Chicago Public Schools (CPS) is keeping May 1 as a full school day, but the district had to give something up to get there. Following backlash from the Chicago Teachers Union (CTU), CPS struck a deal that allows students to leave campus during school hours to participate in May Day protests and activism.





Staff still have to show up to teach, and the academic calendar stays intact. But principals can now let students leave for outside events. Dr. Macqueline King, the district’s CEO and superintendent, described the deal as a compromise that “preserves the classroom time students deserve” while recognizing “the proud history of civic action in Chicago and beyond.”
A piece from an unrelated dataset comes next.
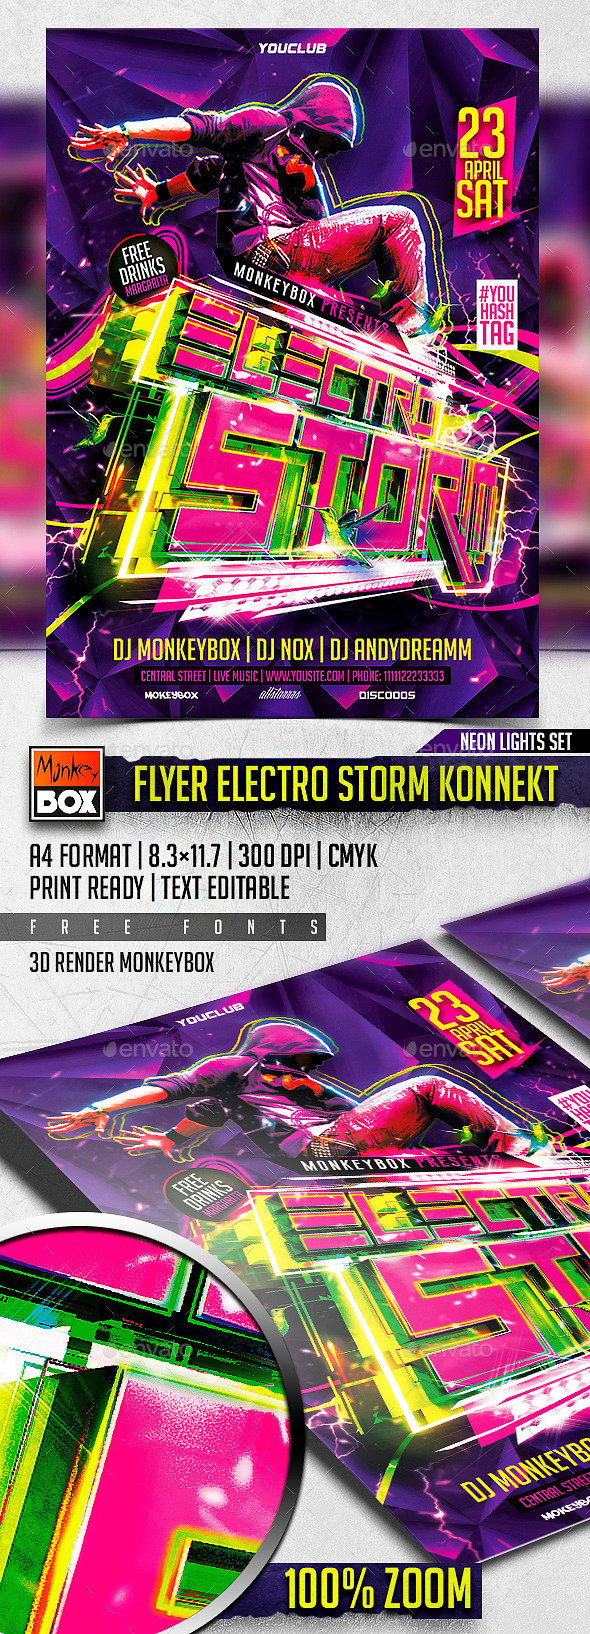 GraphicRiver Flyer Electro Storm Konnekt 11304949

This all traces back to a resolution CTU passed in March. The union didn’t want a compromise. It wanted schools fully shut down on May 1.
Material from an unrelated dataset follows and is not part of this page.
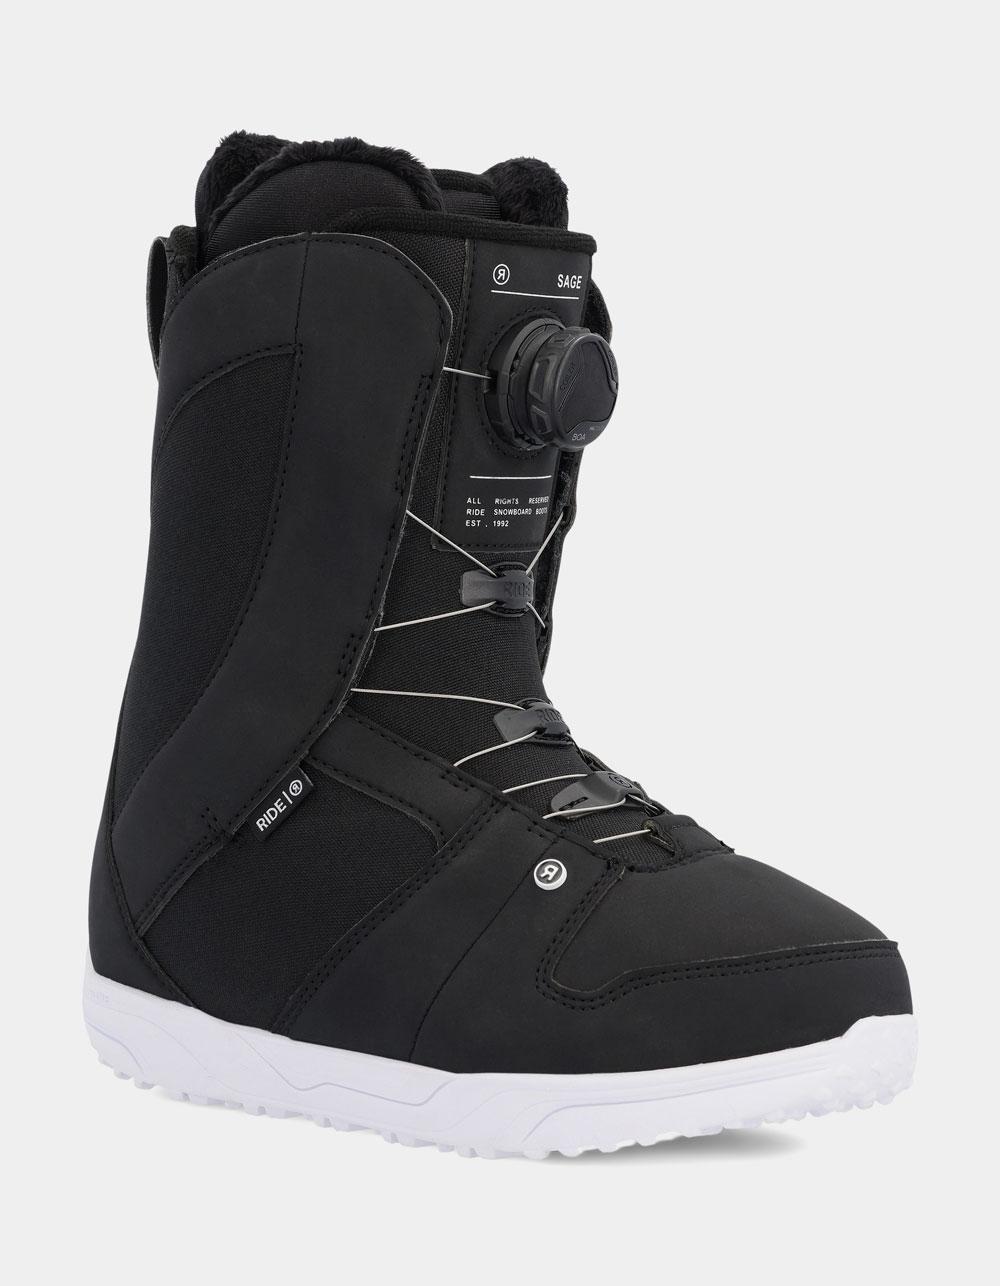 RIDE SNOWBOARDS Sage Snowboard Boots

“Public education is facing an unprecedented national assault driven by MAGA politicians, billionaire donors, and corporate interests who seek to privatize our schools, censor educators, ban books, dismantle civil rights protections, criminalize and separate immigrant families, and weaken workers’ unions.” 

The resolution called for “No Work, No School, and No Shopping,” which will be a full day off reserved for voter outreach, civic training, and protests. The call went further than that, too, demanding that ICE be kept out of sanctuary cities and for policies to “tax the rich.” Those demands move well beyond classroom instruction and into left-wing political advocacy.





CTU Vice President Jackson Potter turned the passing of the resolution into a midterm punch at President Trump:

“If we still want to have democracy in the midterms this November … it is up to every Chicagoan to stand up for what we believe in and show the authoritarian billionaire in Washington that when he breaks every rule, we will not go along with business as usual.”

CPS stopped short of giving the union everything it wanted. Principals can greenlight school-sponsored activities using the standard field trip process, and students who stay behind will have a normal school day. There’s also an existing Illinois law that gives students in grades 6 through 12 one excused absence per year for qualifying civic events, provided parents sign off.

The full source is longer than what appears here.